What you are asked to do:
Give back the lines below exactly, but do not include any pictures.

** Opening Data extract block **

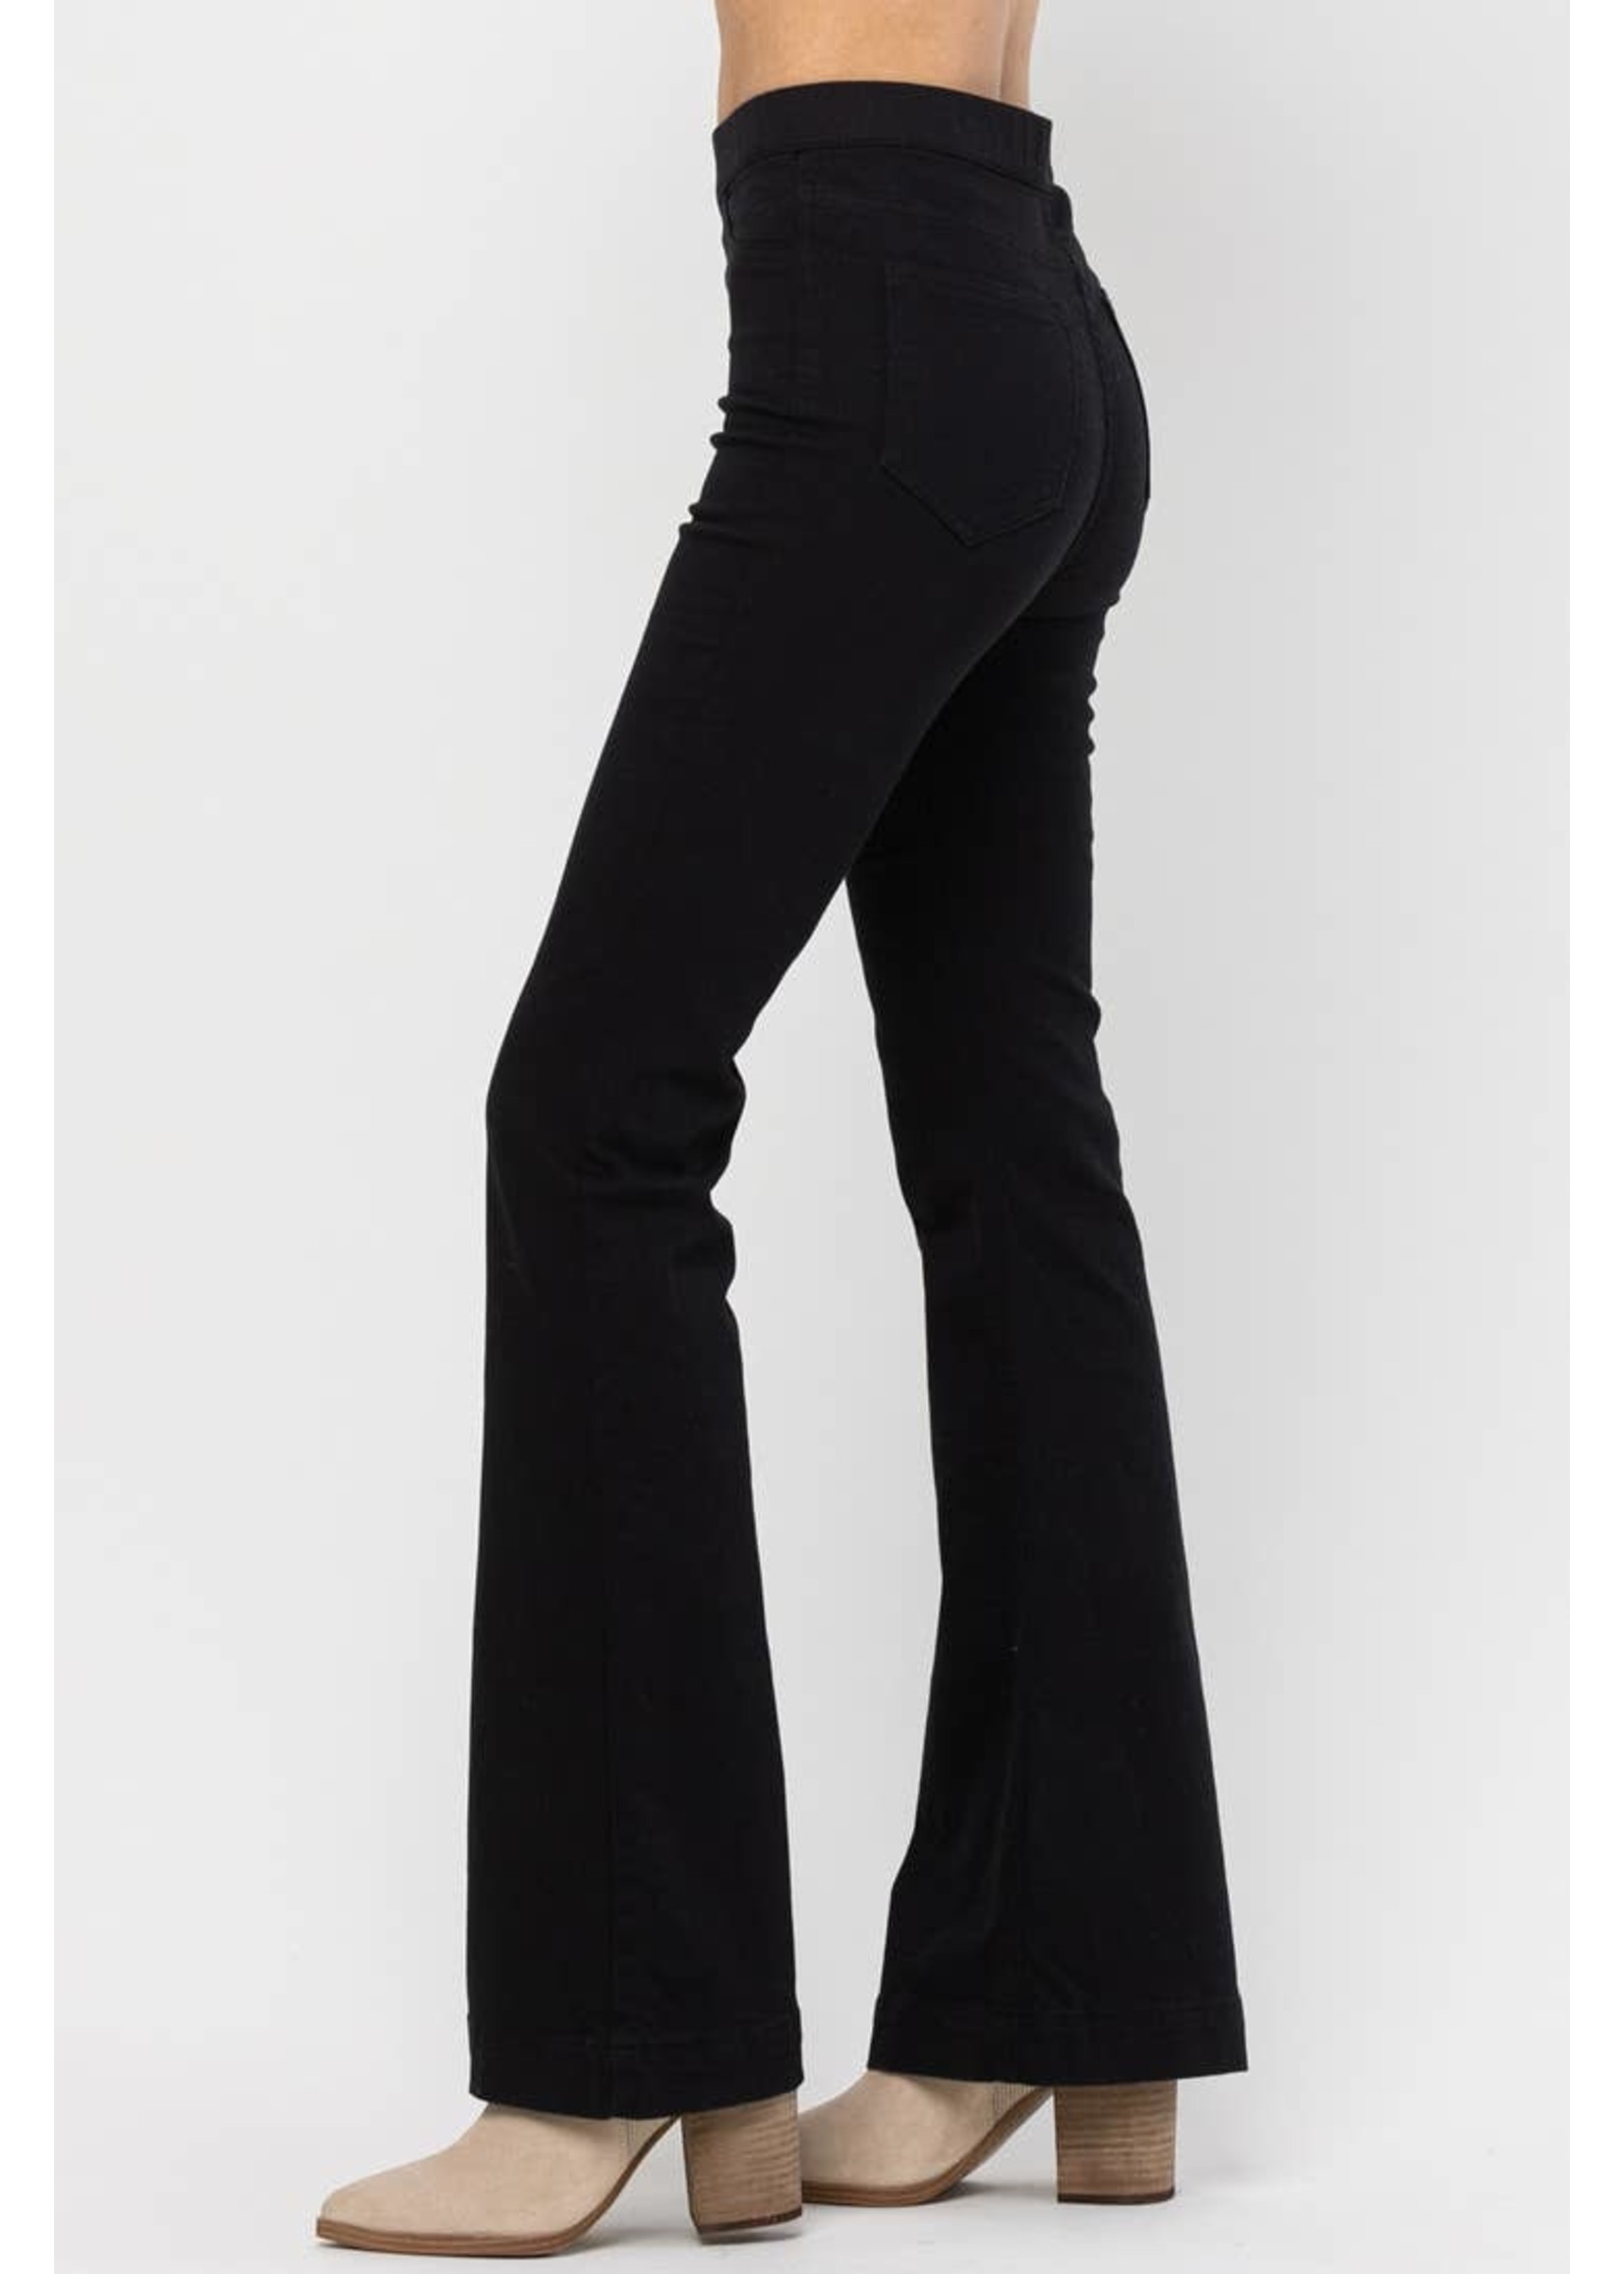 Jelly Jeans Black pull on flare
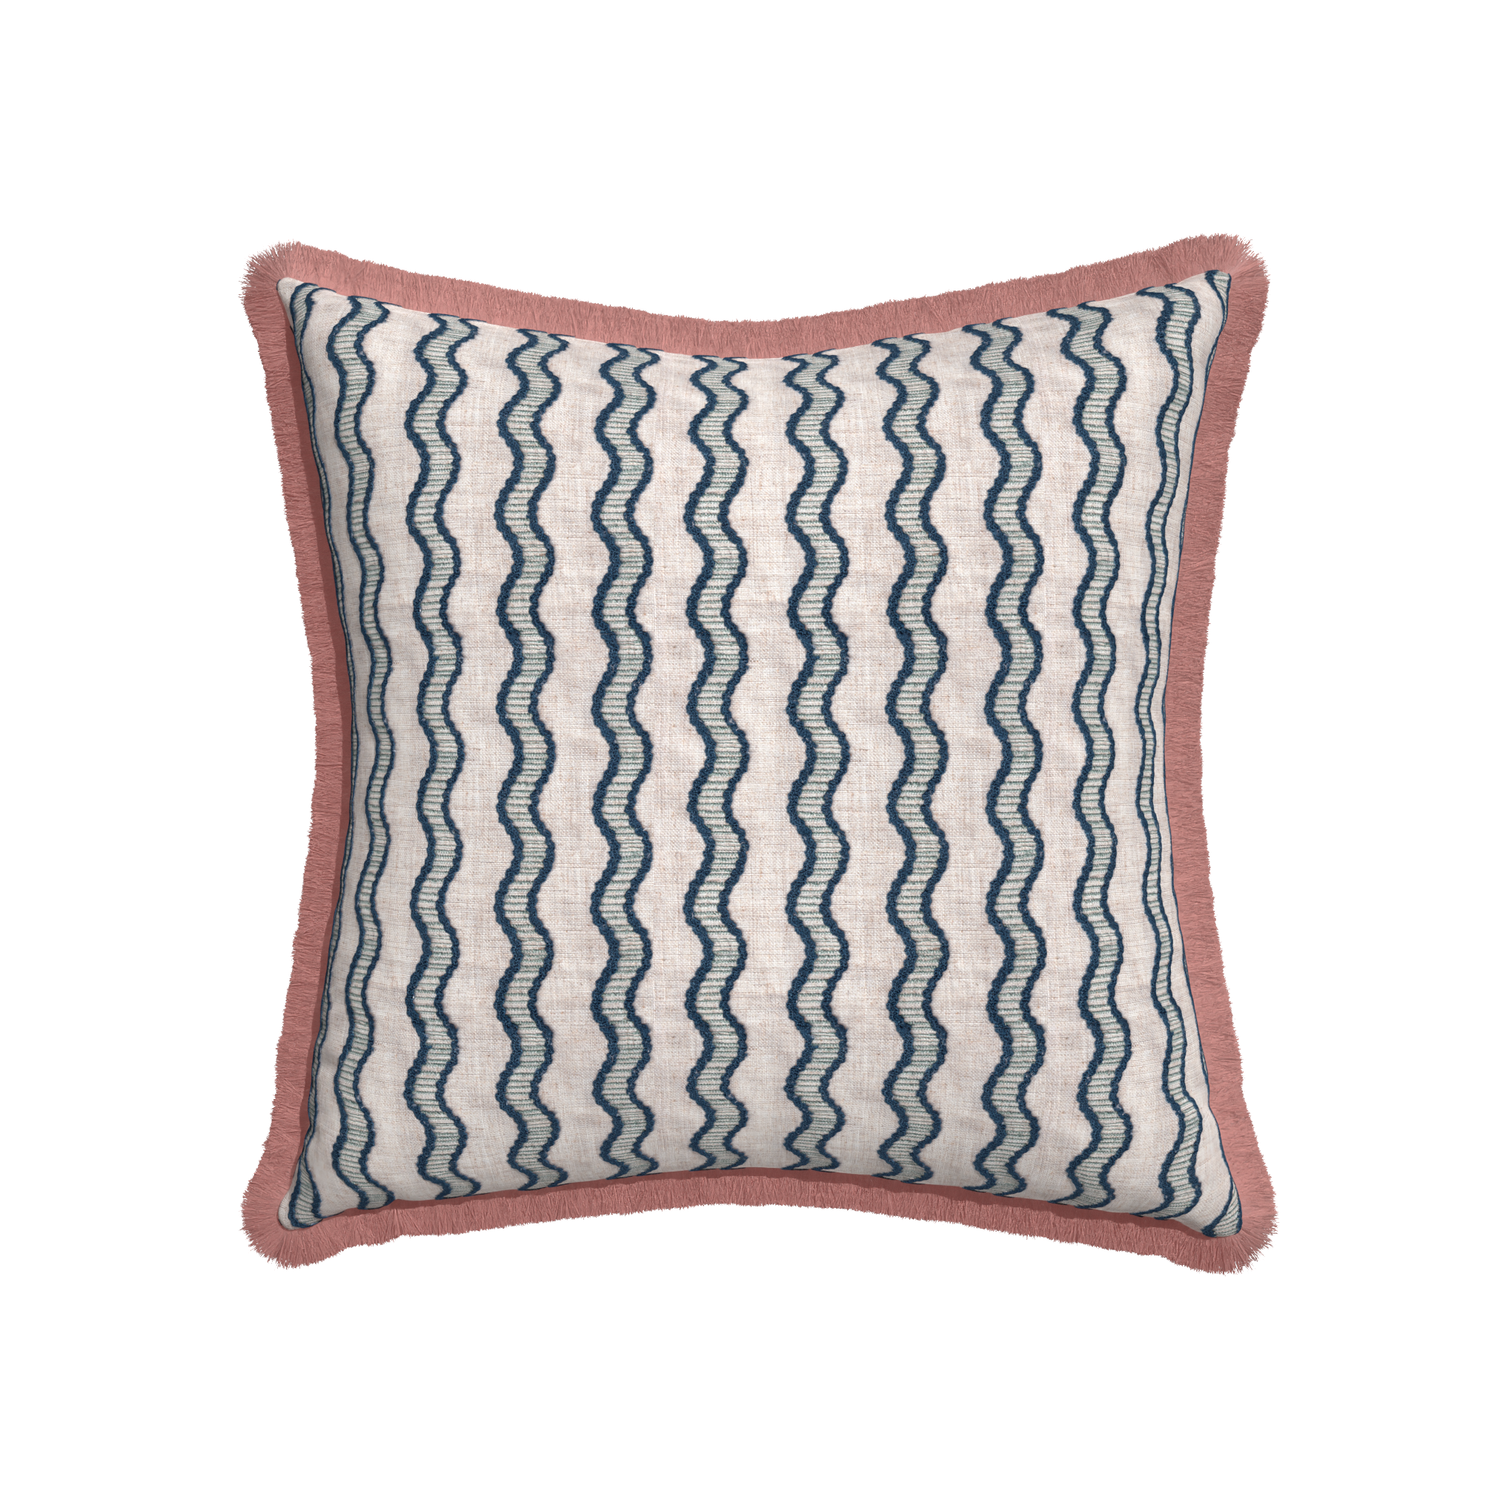 22-square beatrice custom embroidered wavepillow with d fringe on white background
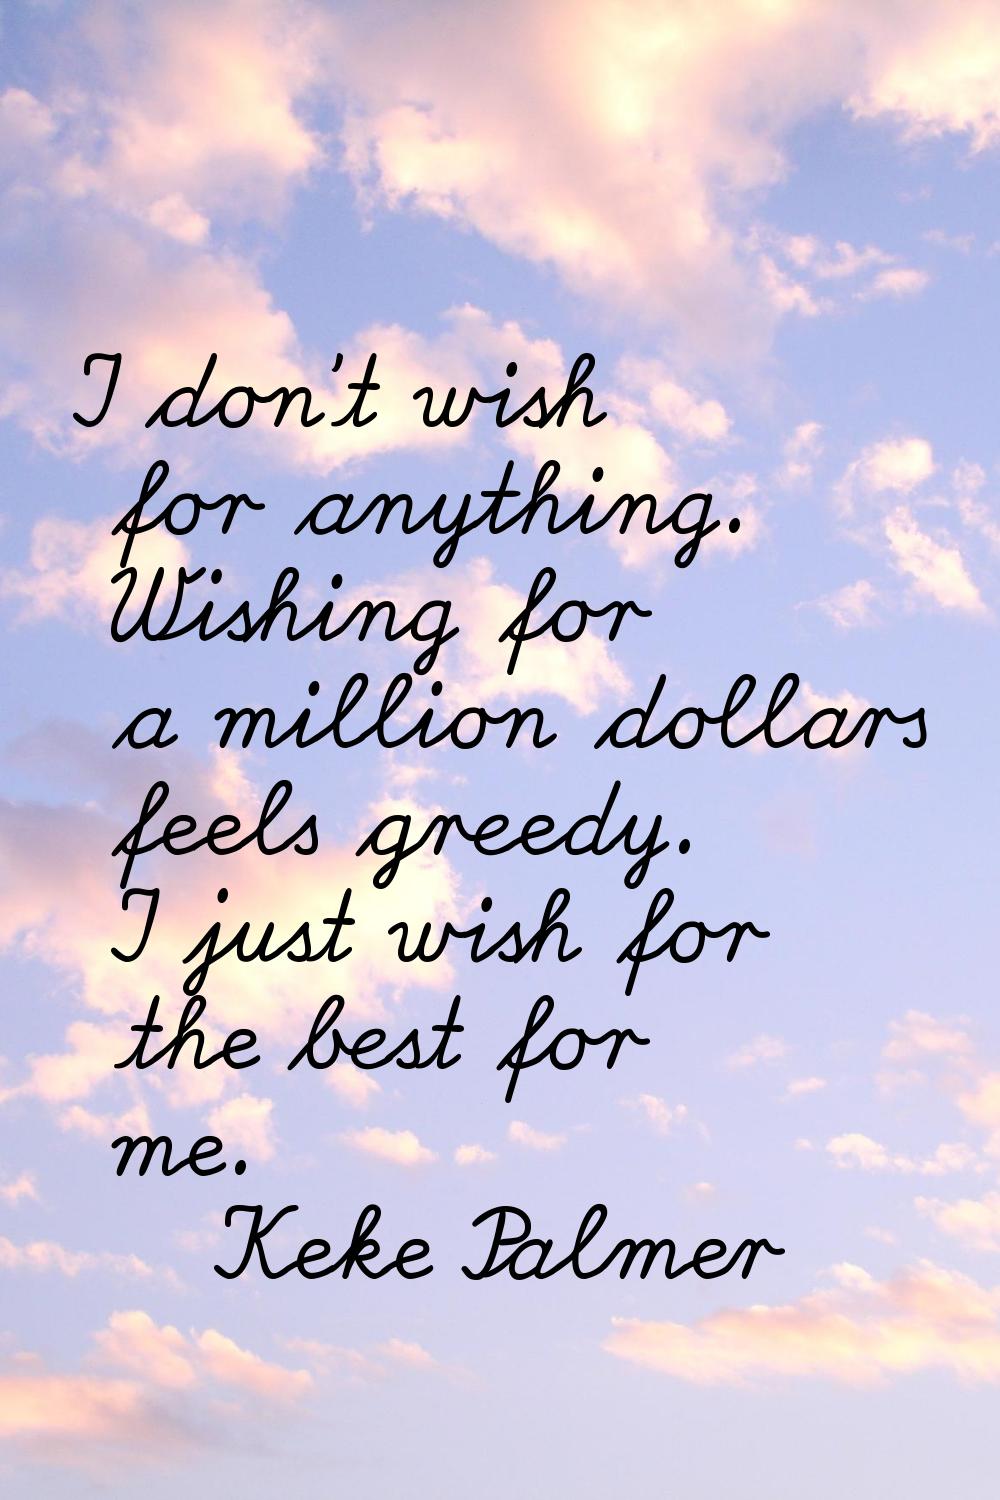 I don't wish for anything. Wishing for a million dollars feels greedy. I just wish for the best for

** Closing Data extract block **

The answer:
 Jelly Jeans Black pull on flare
 22-square beatrice custom embroidered wavepillow with d fringe on white background
 I don't wish for anything. Wishing for a million dollars feels greedy. I just wish for the best for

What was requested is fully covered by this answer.